For instance, TU Delft recently instituted a policy that all PhD students will be required to deposit the data underlying their thesis. For new PhD students, this will simply be a part of the process, one step among the many novel activities they experience on the way to earning their PhD. The real challenge lies with members of my faculty, the experienced researchers and teachers, as well as myself, who will have to identify the value in applying this new policy to research data in their field. To do this we must ask ourselves a series of questions. In addition to the aforementioned ‘what kind of data do we have and use?’, we must determine what should be made public as well as to what degree. Underlying all of this is a more fundamental question is, of course: how does sharing this information improve the production of knowledge in design and the fields which it touches? Some of these queries have clear answers, but the majority require further discussion and reflection.
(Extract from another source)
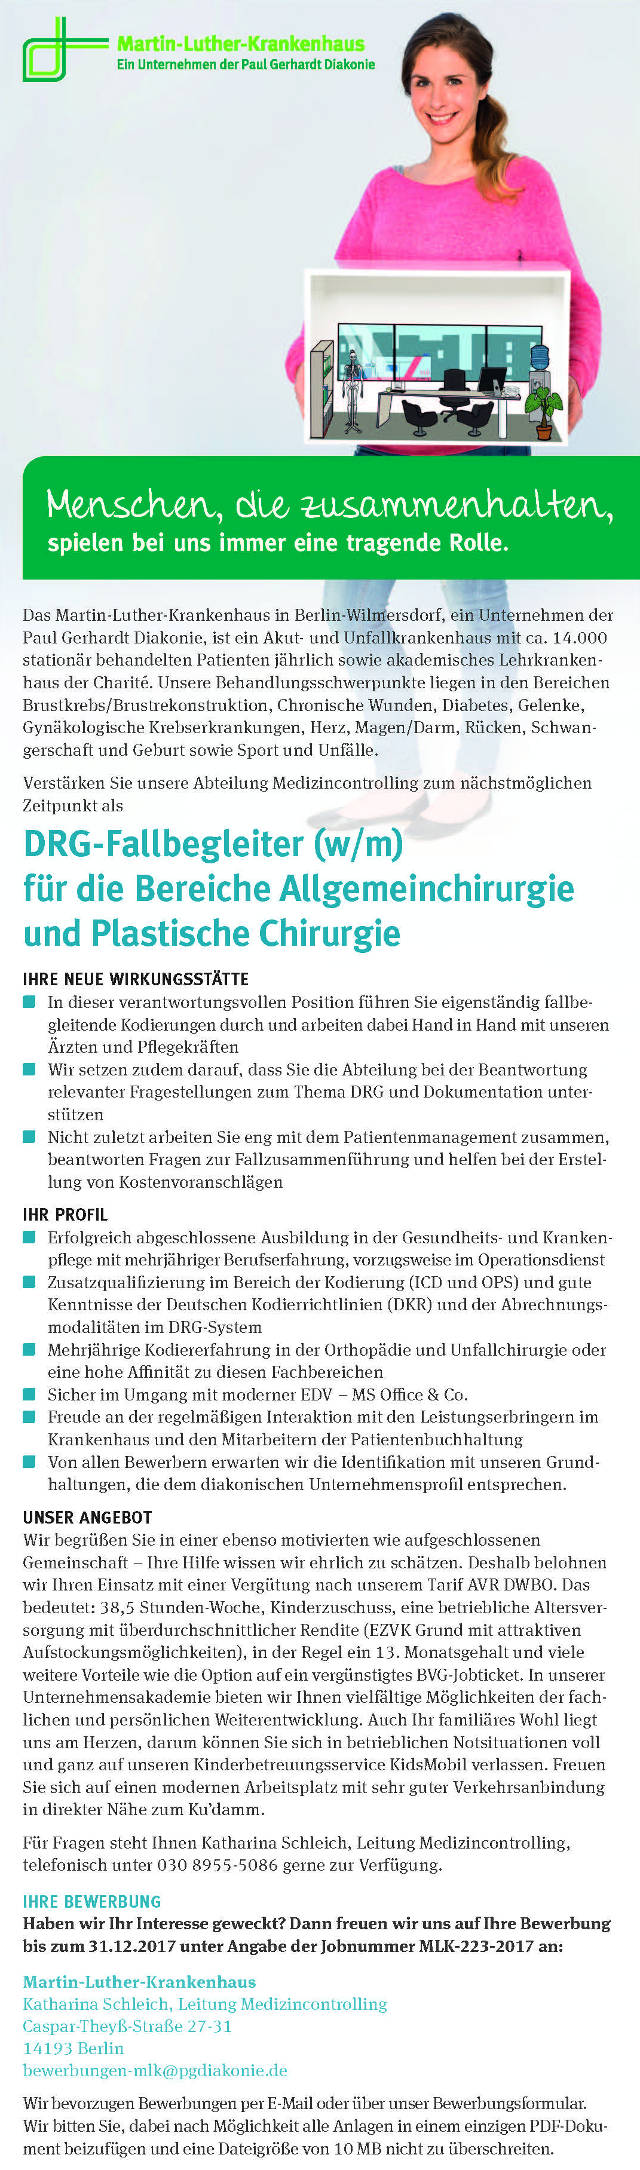 Martin-Luther-Krankenhaus, Berlin-Wilmersdorf: DRG-Fallbegleiter (w/m)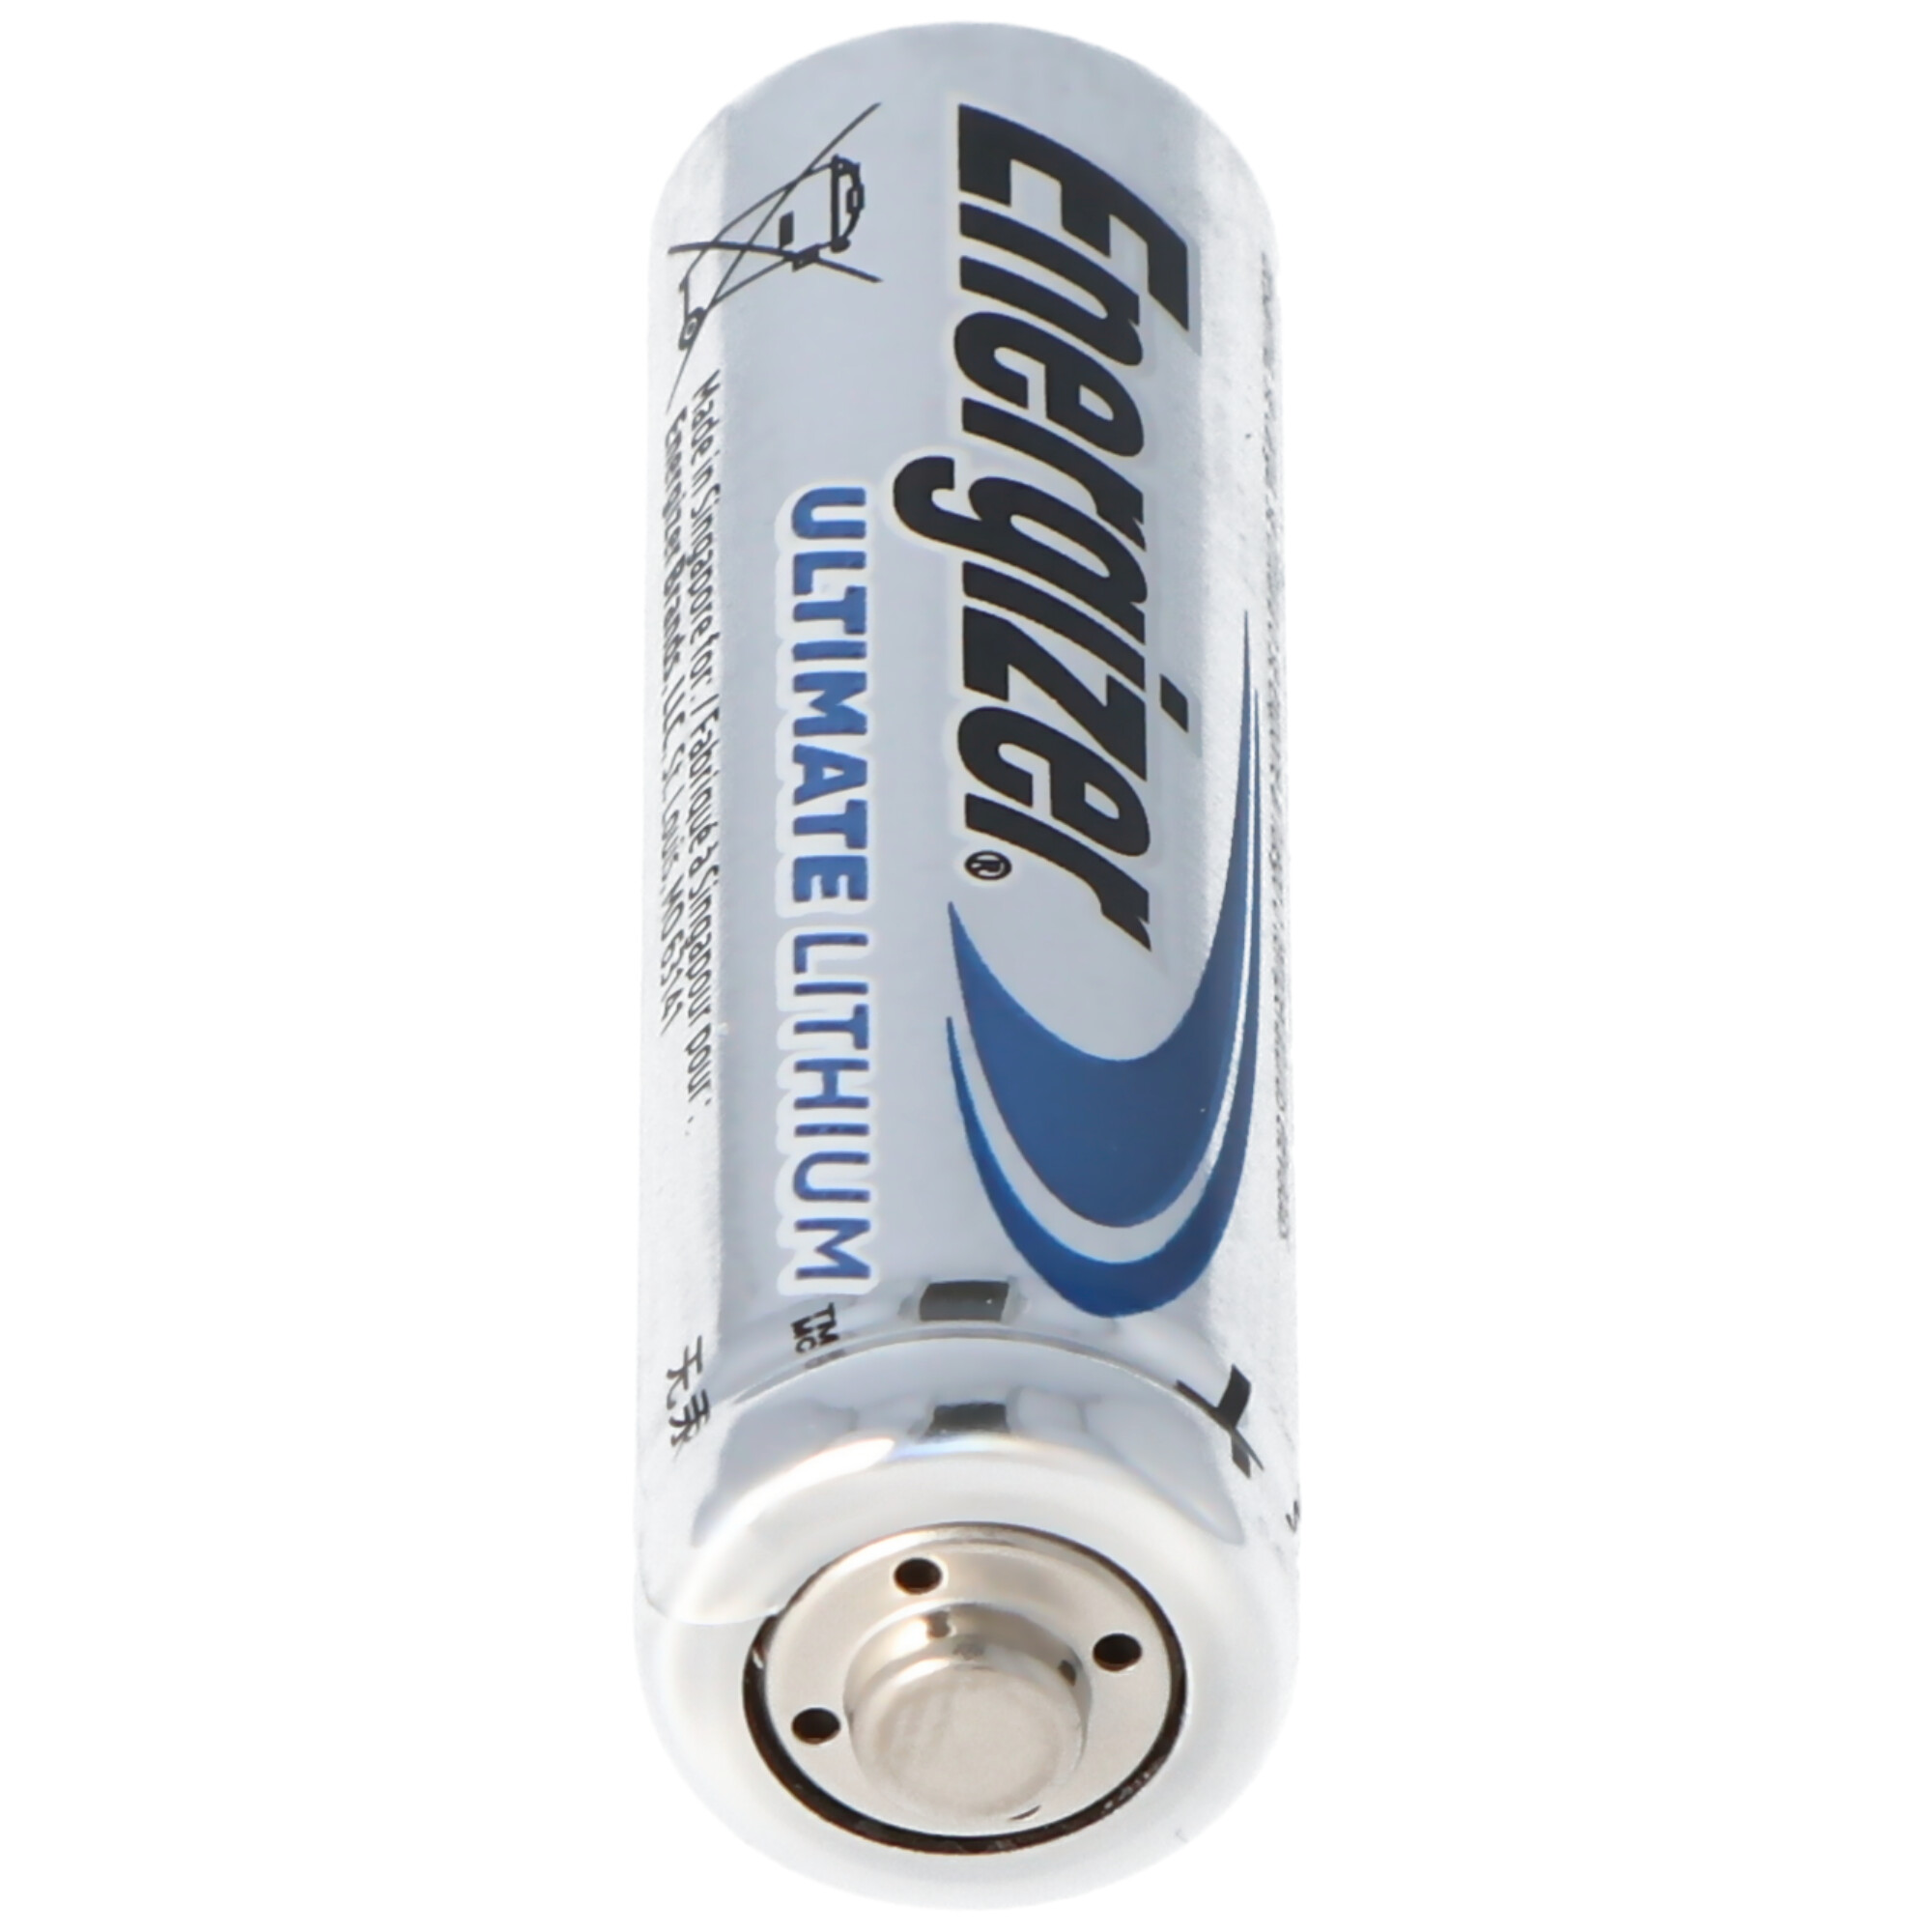 Energizer Ultimate Lithium Batterie 10er Box Energizer AA Batterie 1,5 Volt Batterie Energizer Ultimate Lithium AA 3100mAh

Data Sharing and Data Publishing
One common question I receive in various forms is why designers and design researchers should share their data more widely than they presently do. In many instances I find this returns to the aforementioned issue of diverse types of data. For some designers who have a clear definition of what their data is, why it is collected and how others can use the data, such as the DINED anthropometrics group, a conversation on what data to share and how can be fairly straightforward. But what are the actual benefits of sharing design notes or other types of context-bound qualitative data? In the data management community we have a set of commonly purveyed answers to this query, and I have been trying to see how they match up to existing practice in design.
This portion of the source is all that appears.